====== Dataset extract ======

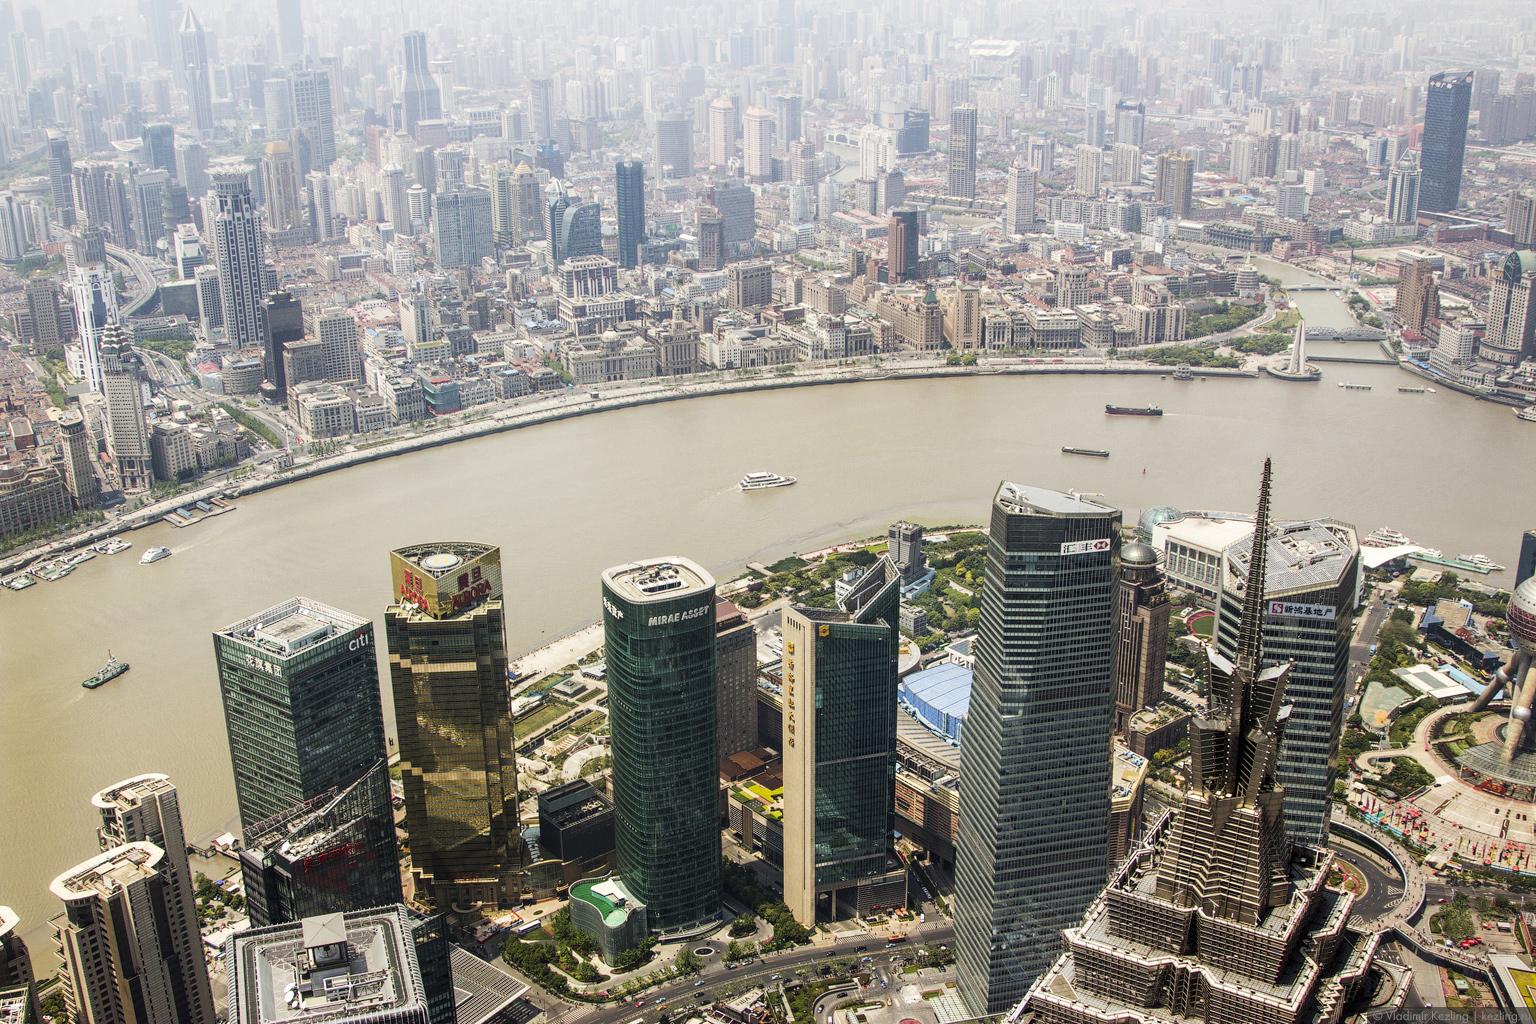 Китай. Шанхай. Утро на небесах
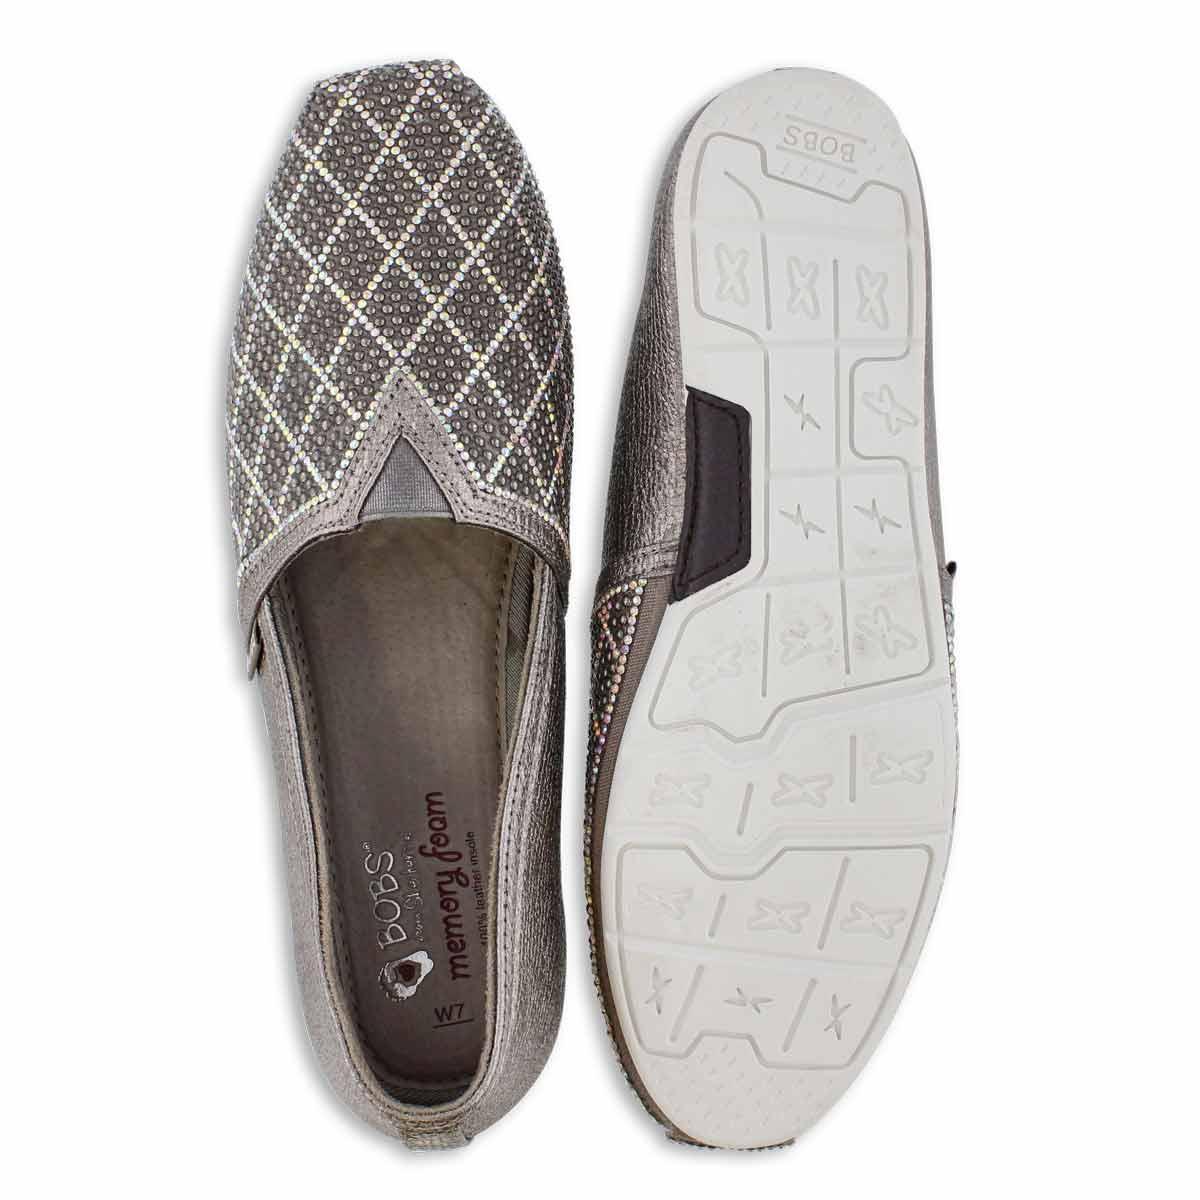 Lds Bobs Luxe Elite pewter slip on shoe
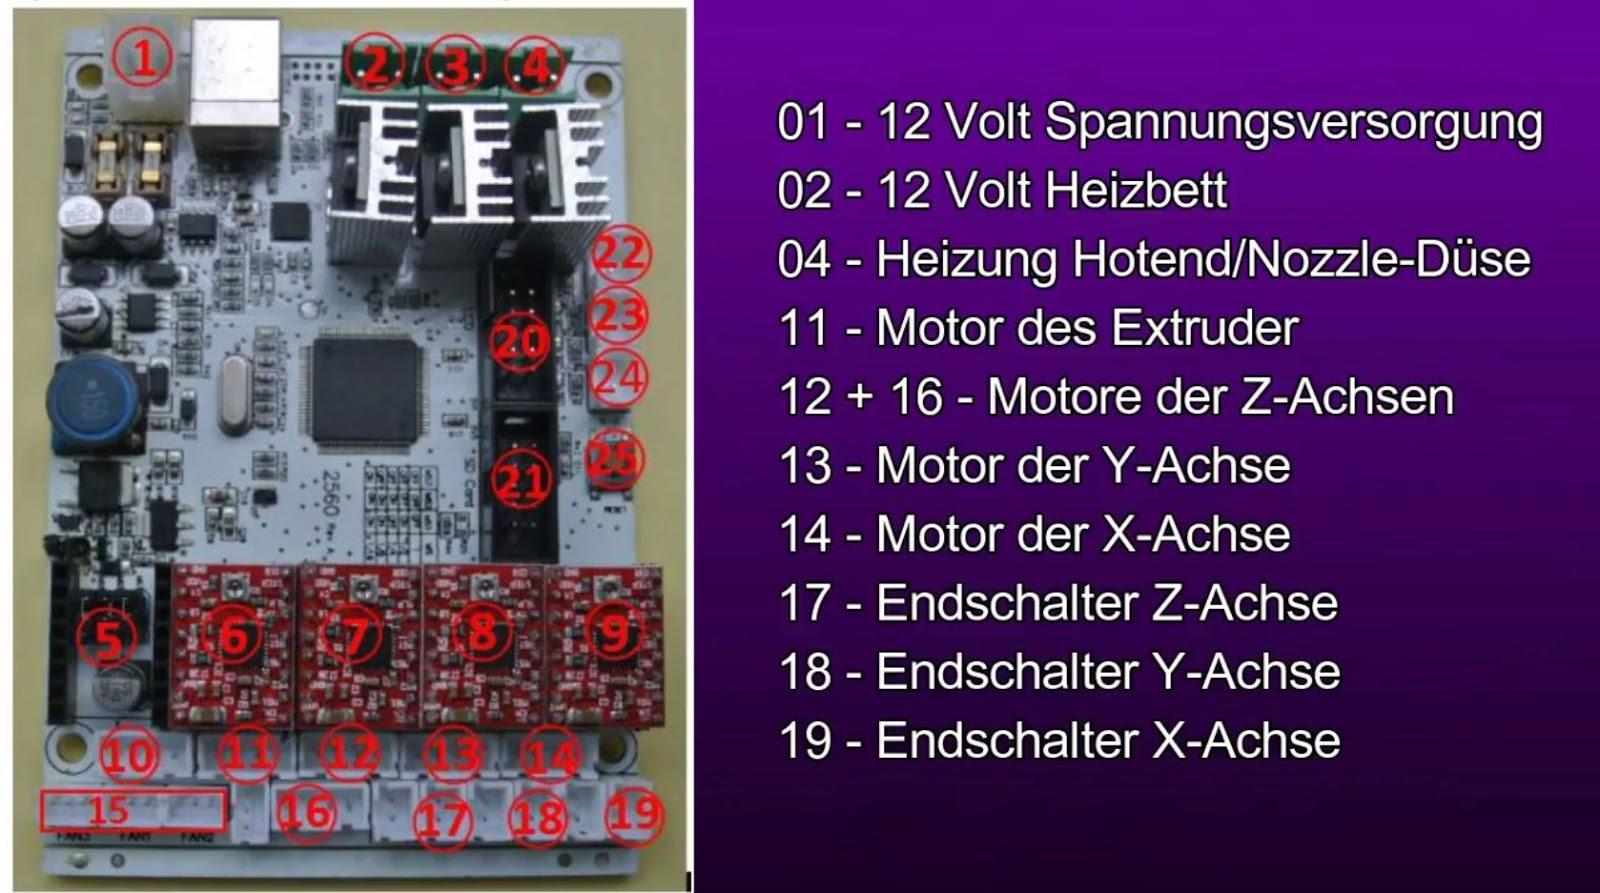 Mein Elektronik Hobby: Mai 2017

======

→ **Exercise**
Output the data above exactly. Drop every picture.

→ **Answer below**
 Китай. Шанхай. Утро на небесах
 Lds Bobs Luxe Elite pewter slip on shoe
 Mein Elektronik Hobby: Mai 2017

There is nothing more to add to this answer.